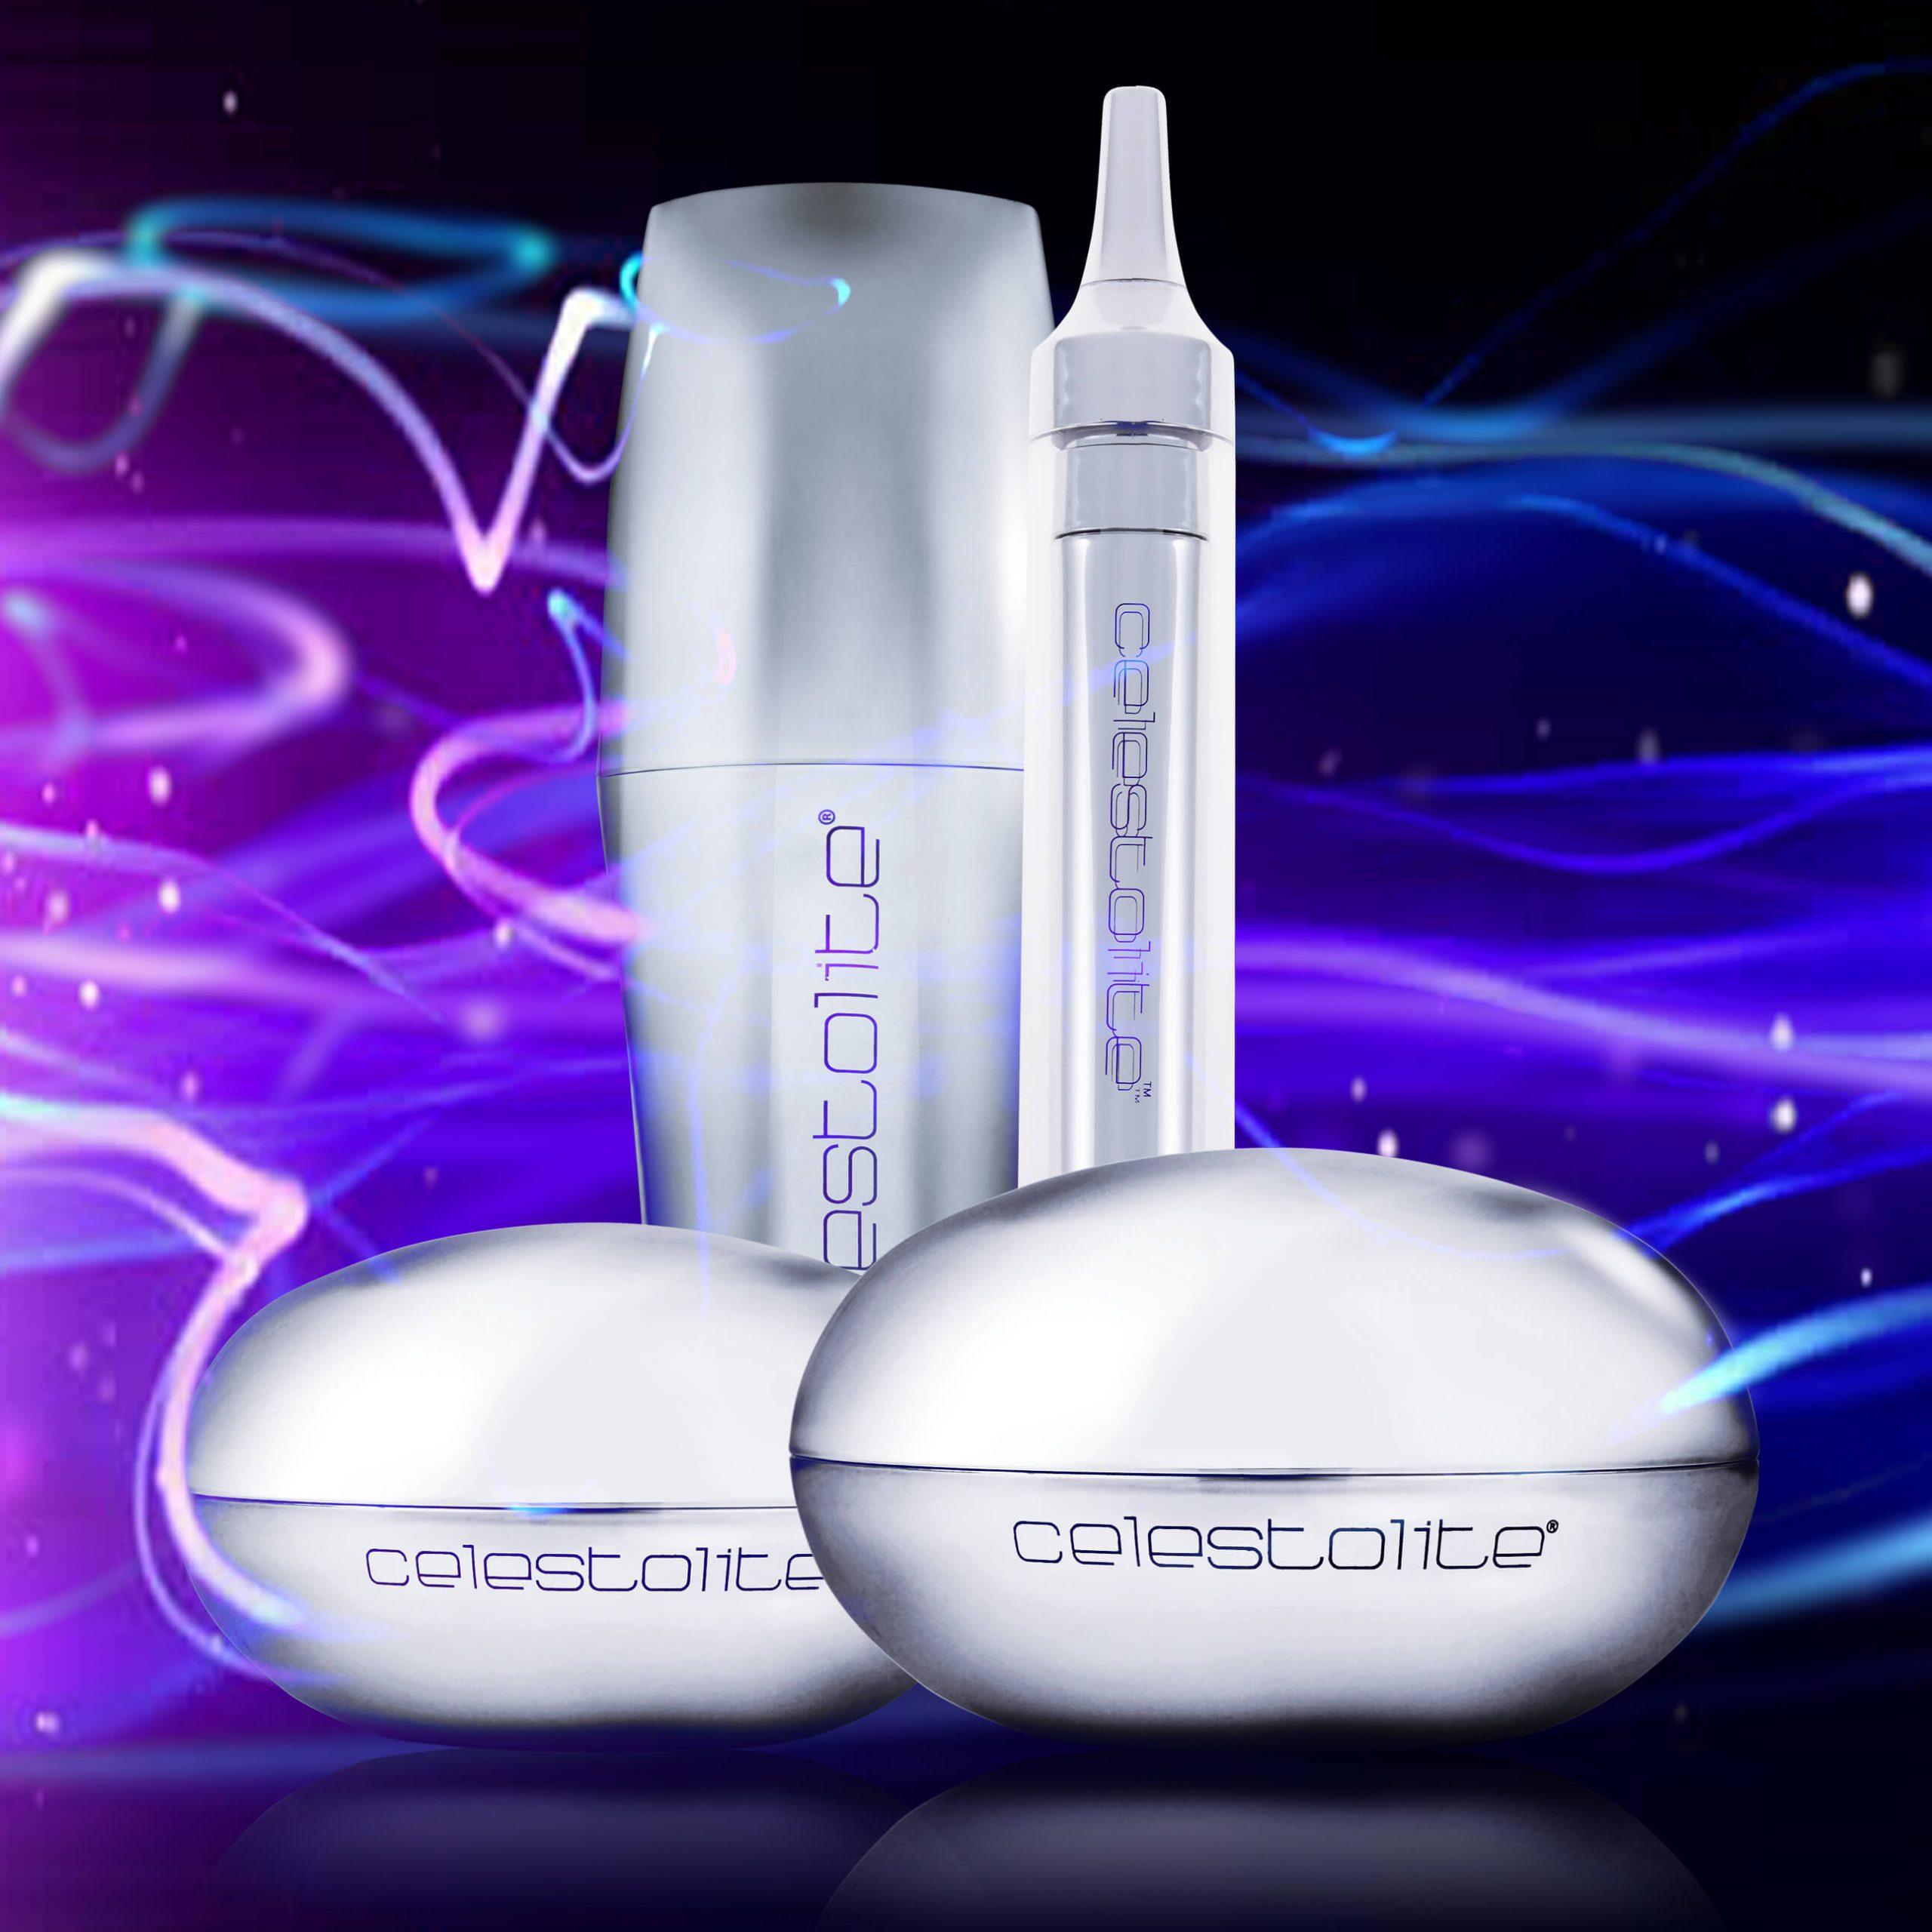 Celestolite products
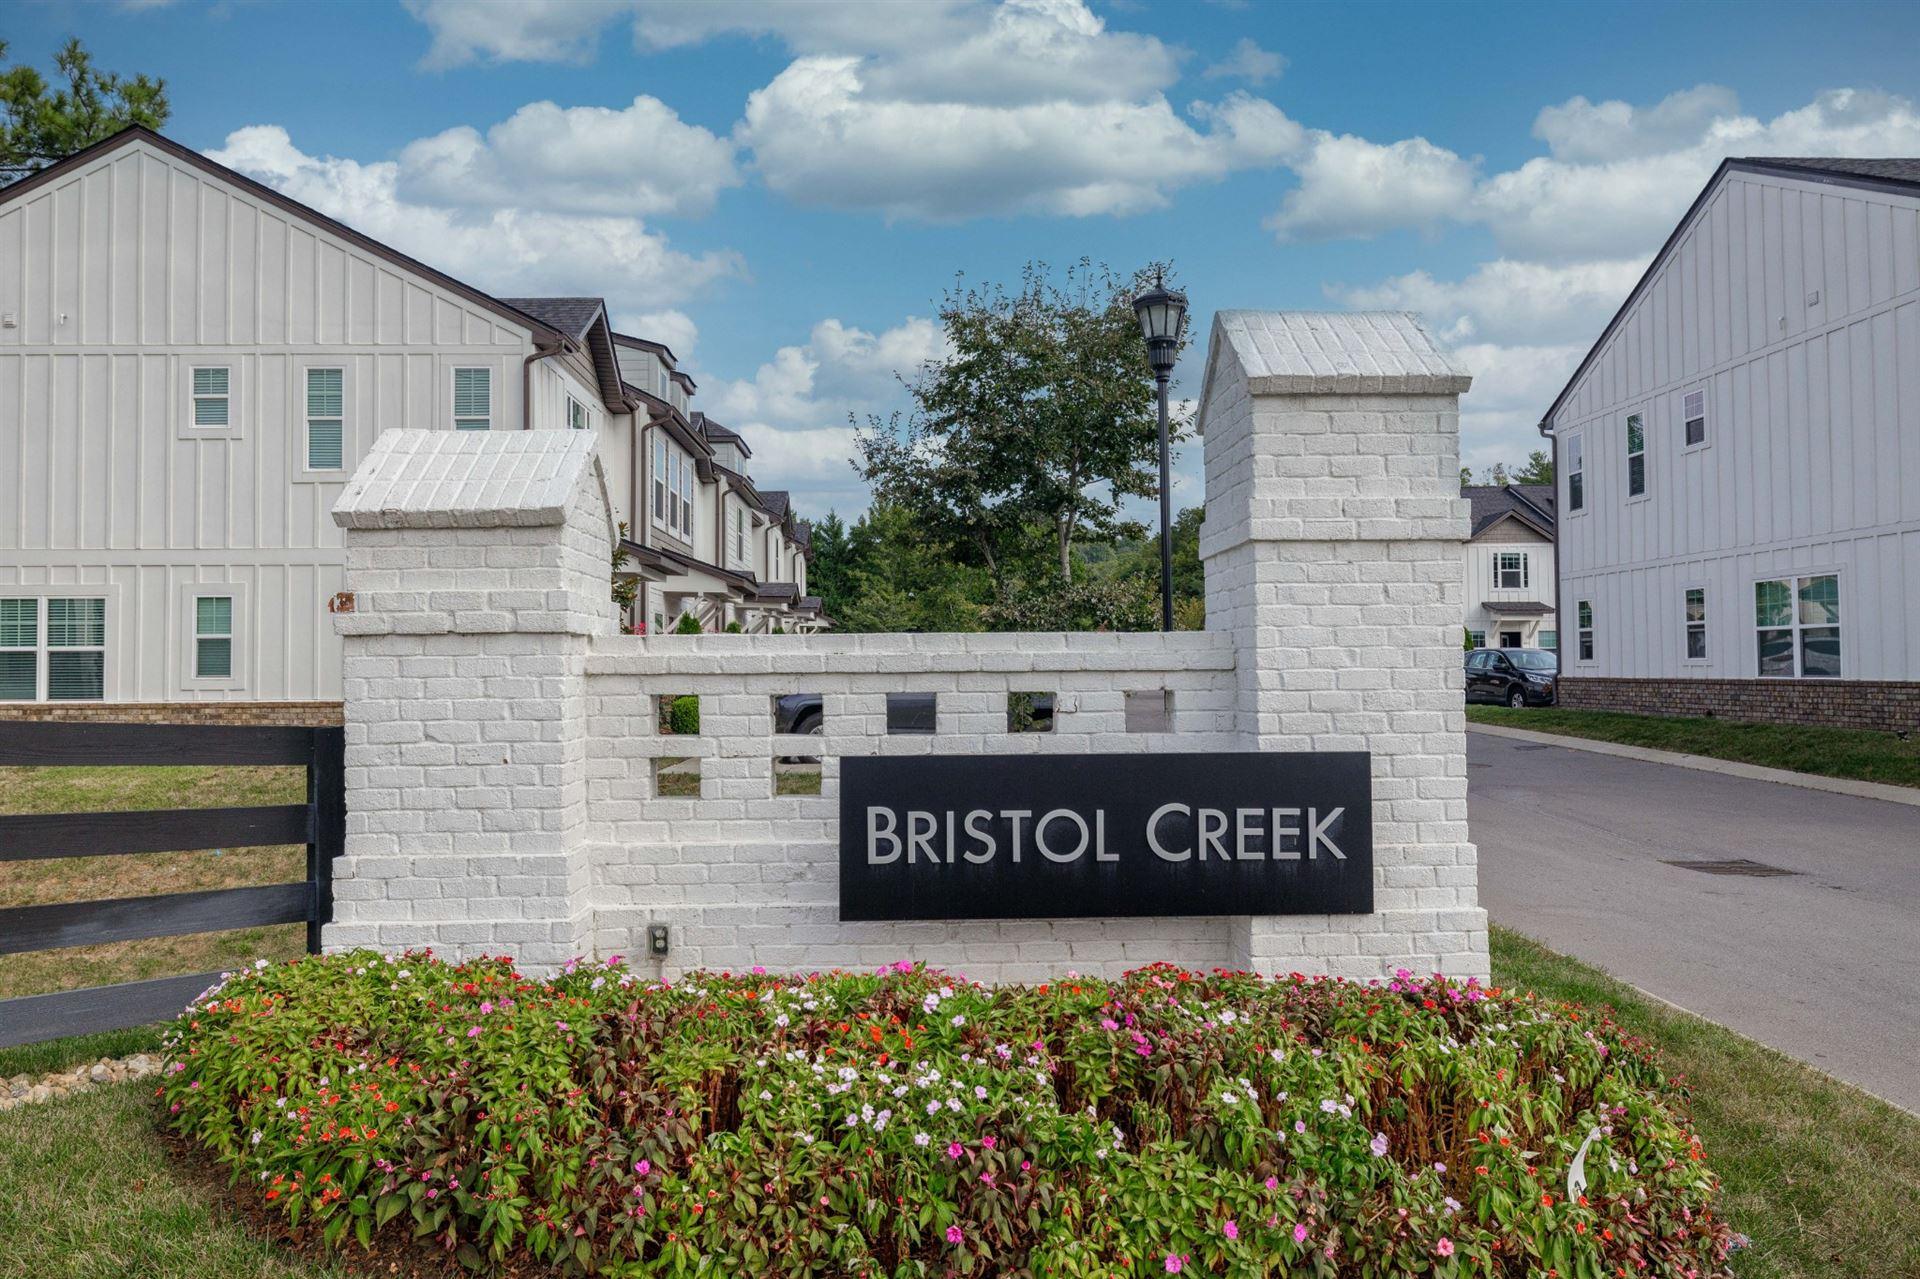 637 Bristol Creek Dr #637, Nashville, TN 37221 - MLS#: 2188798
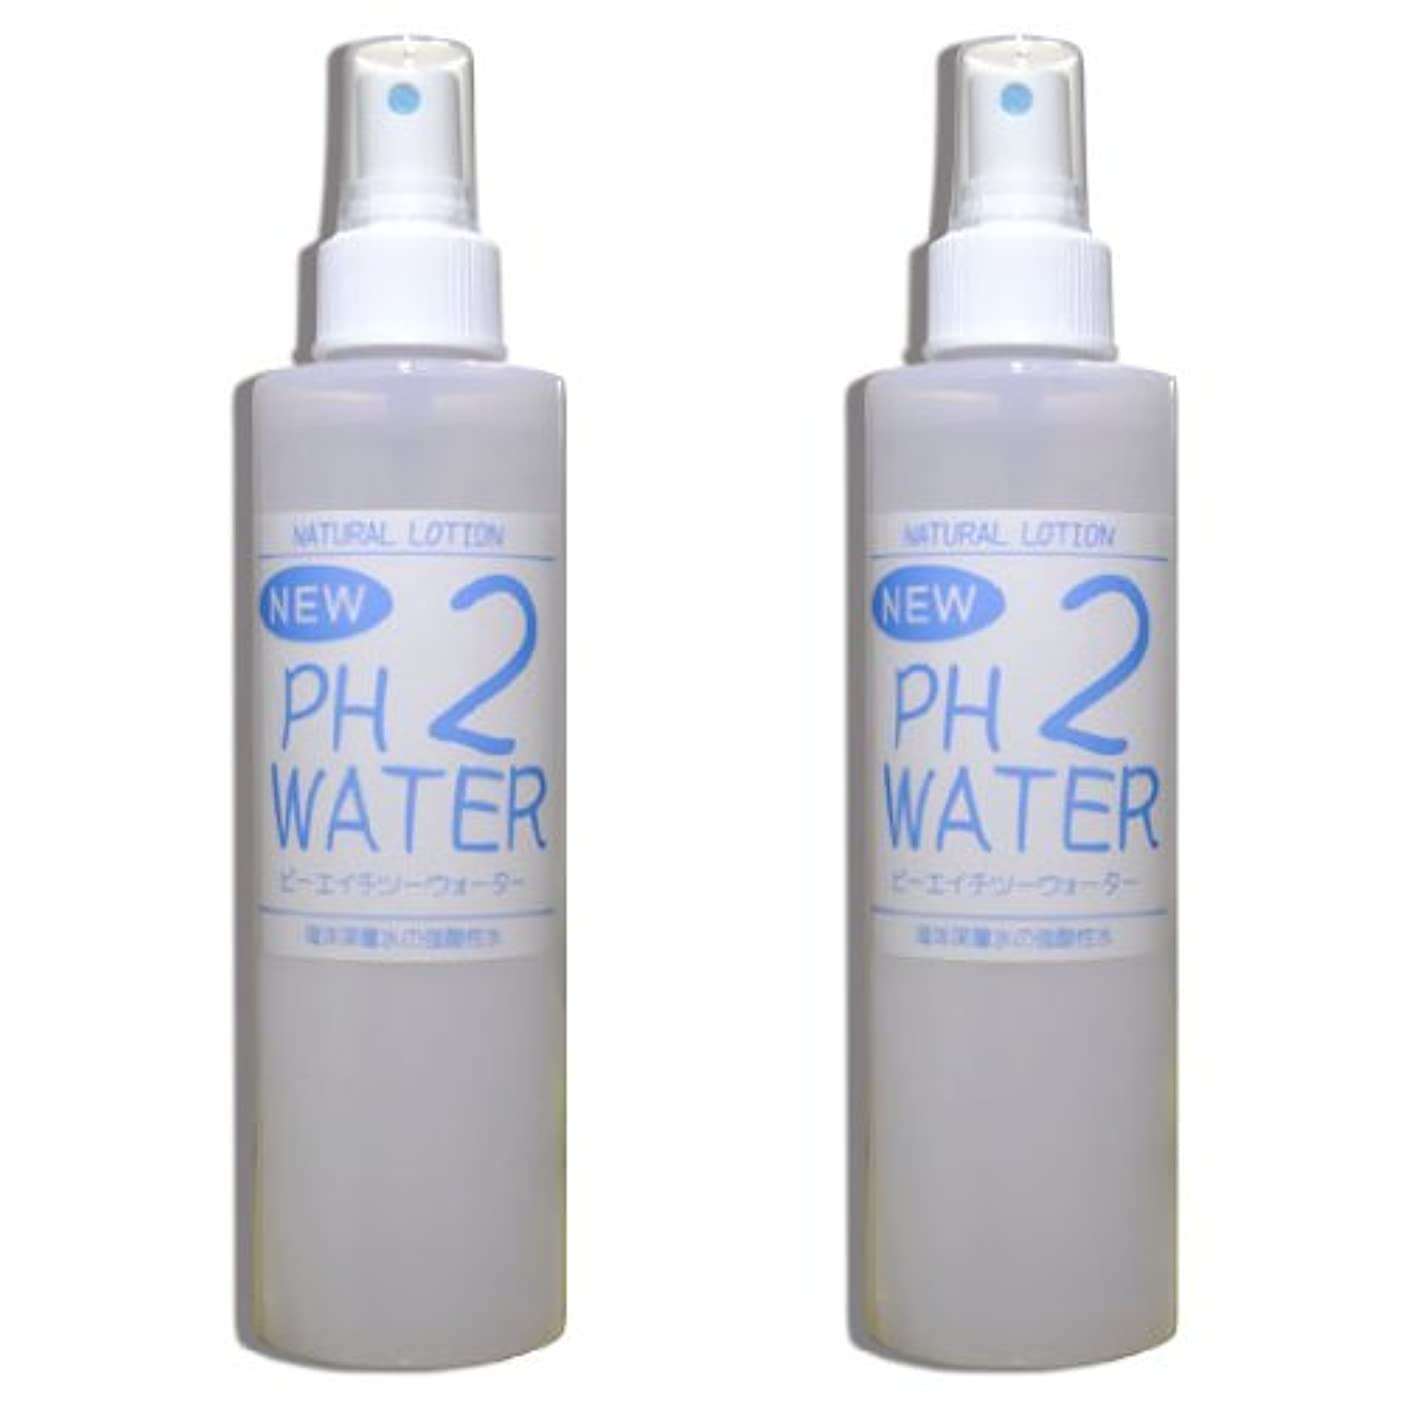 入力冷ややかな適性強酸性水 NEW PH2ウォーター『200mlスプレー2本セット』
•••••
■ Task item ■
Give back exactly the lines from the one that contains "637 Bristol Creek" to the final line of the data above, both included, with all pictures removed.

■ Finished task ■
 637 Bristol Creek Dr #637, Nashville, TN 37221 - MLS#: 2188798
 入力冷ややかな適性強酸性水 NEW PH2ウォーター『200mlスプレー2本セット』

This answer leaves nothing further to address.